Given material
_ _ _

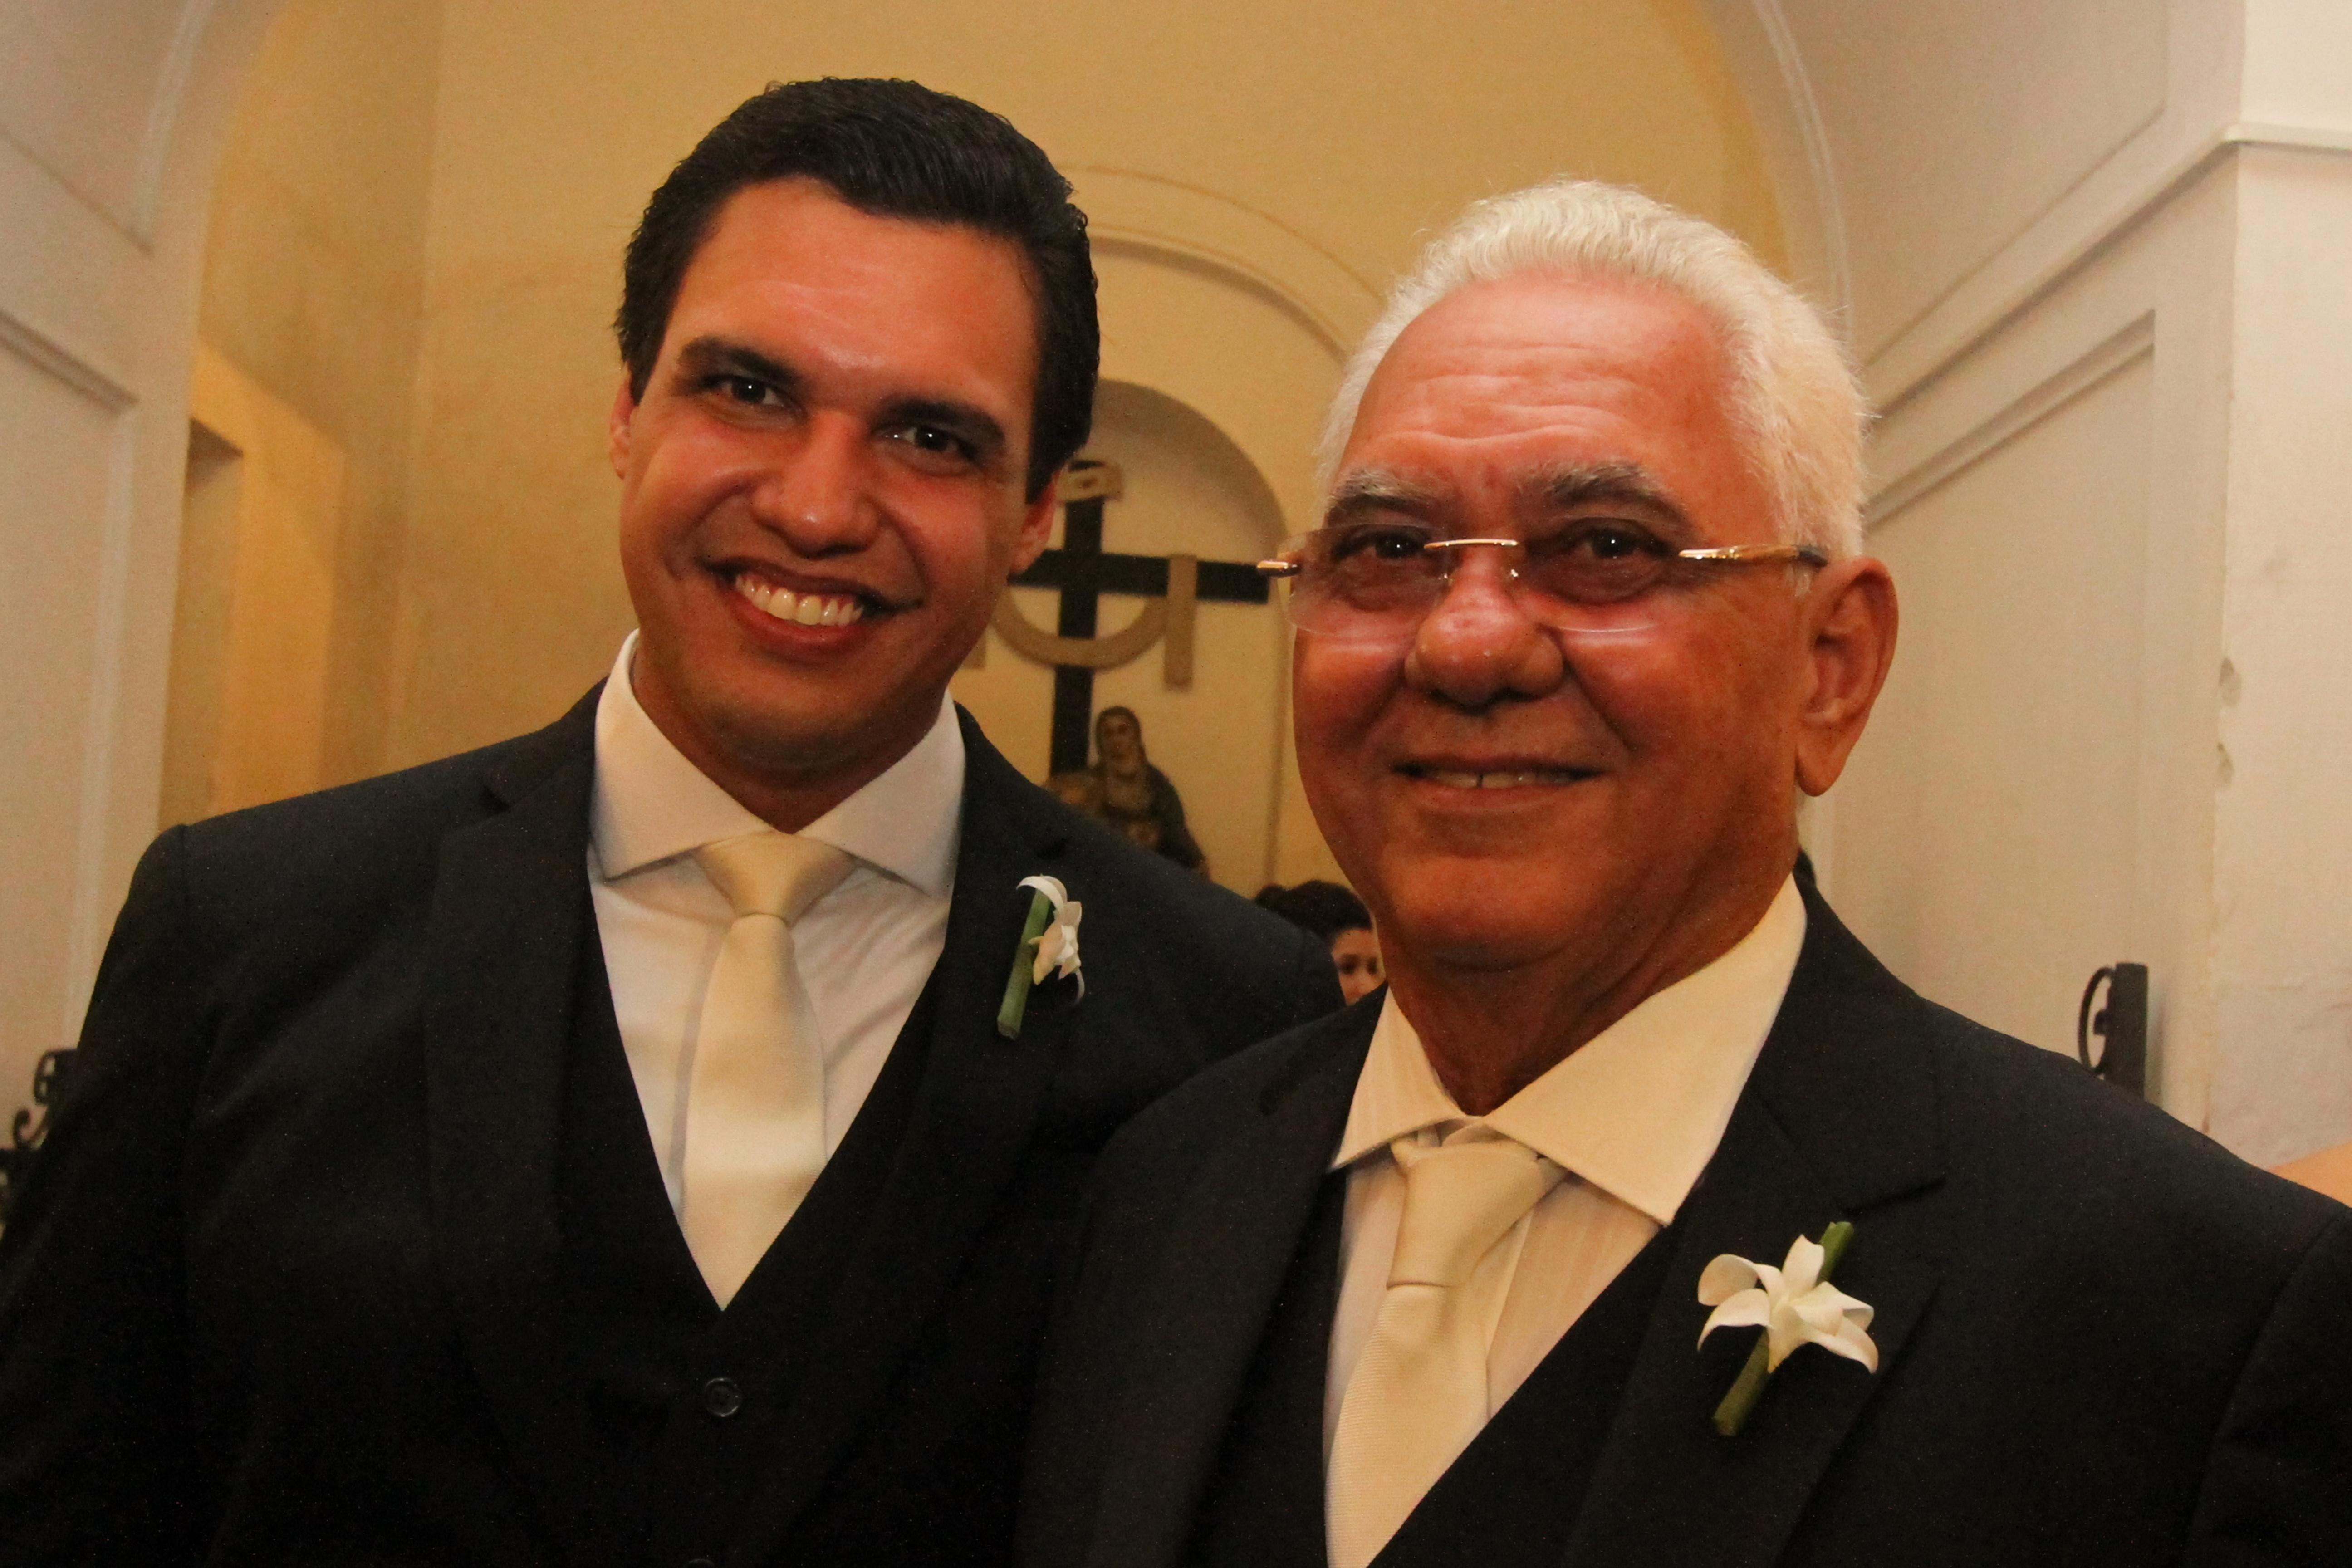 Marcos Travassos Filho e Marcus Travassos
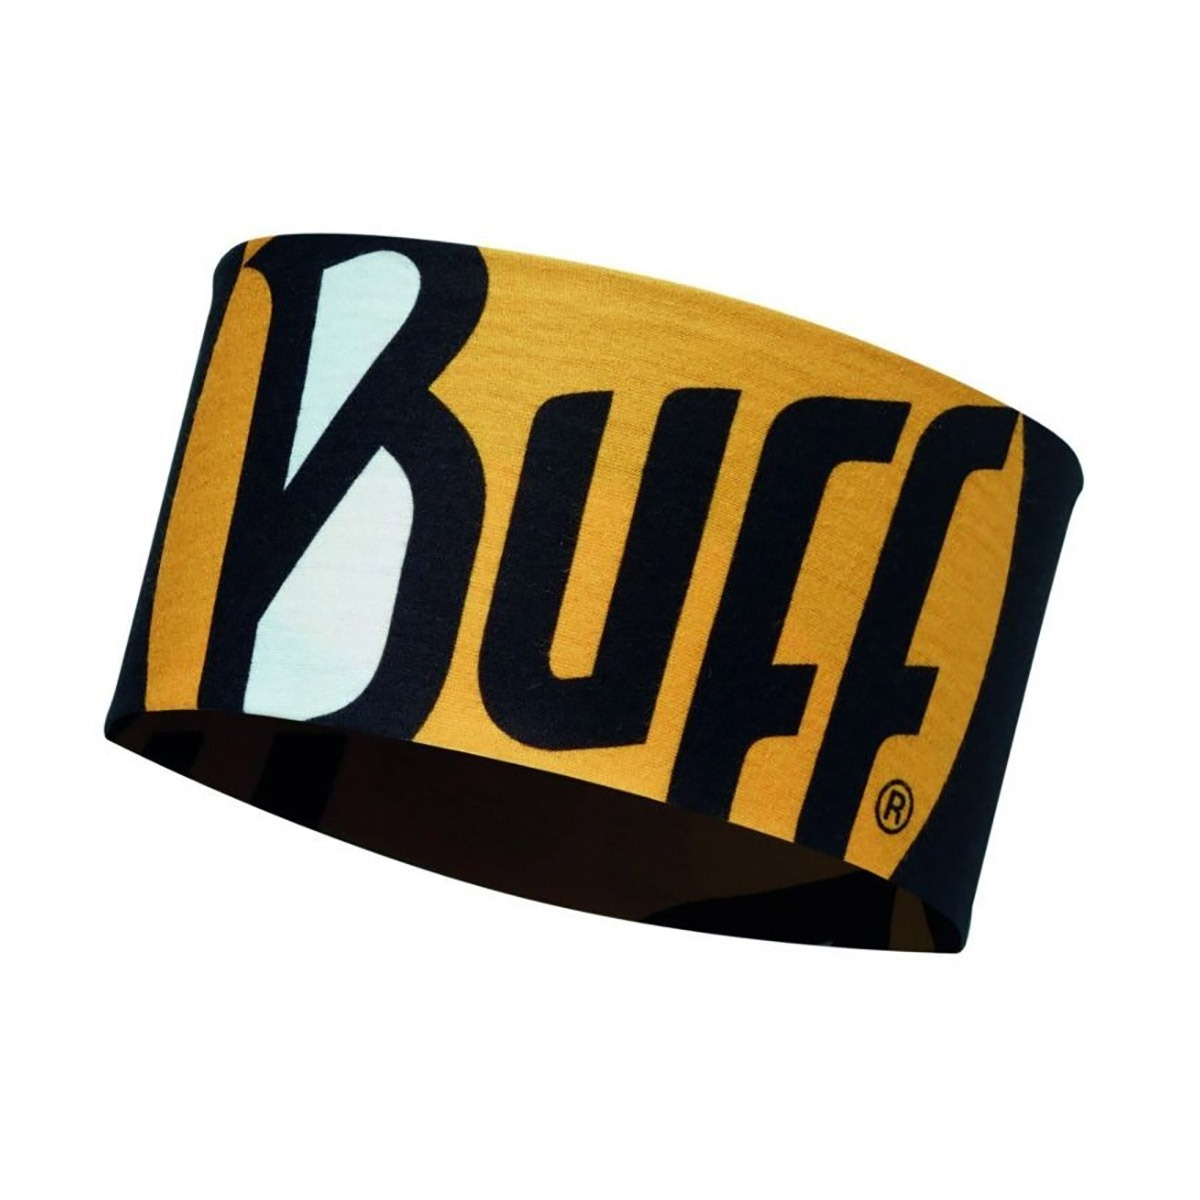 HEADBAND BUFF COOLNET UV ULTIMATE  BLACK
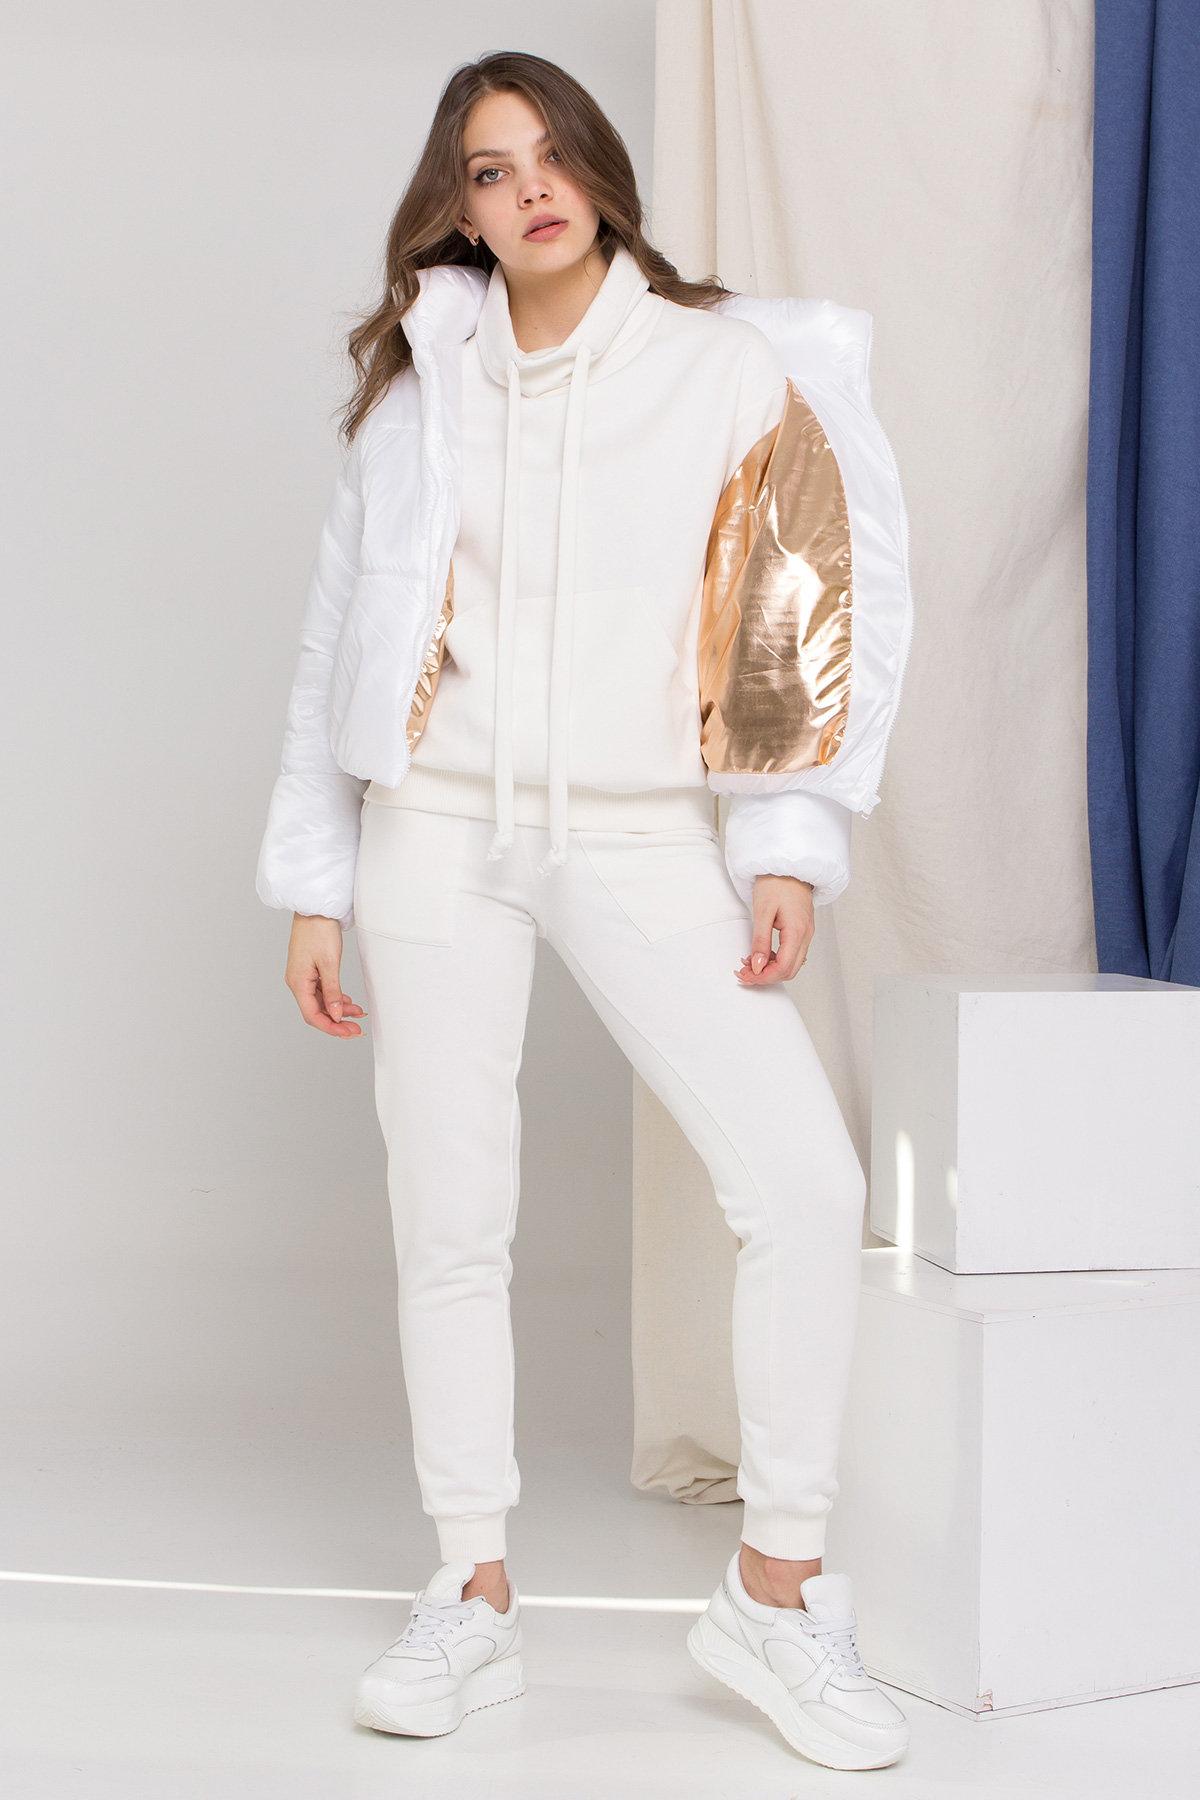 Куртка Драйв 8989 АРТ. 45295 Цвет: Белый - фото 1, интернет магазин tm-modus.ru

_ _ _

What you have to do
Write out the data once more exactly, omitting the pictures.

Task result
 Marcos Travassos Filho e Marcus Travassos
 HEADBAND BUFF COOLNET UV ULTIMATE  BLACK
 Куртка Драйв 8989 АРТ. 45295 Цвет: Белый - фото 1, интернет магазин tm-modus.ru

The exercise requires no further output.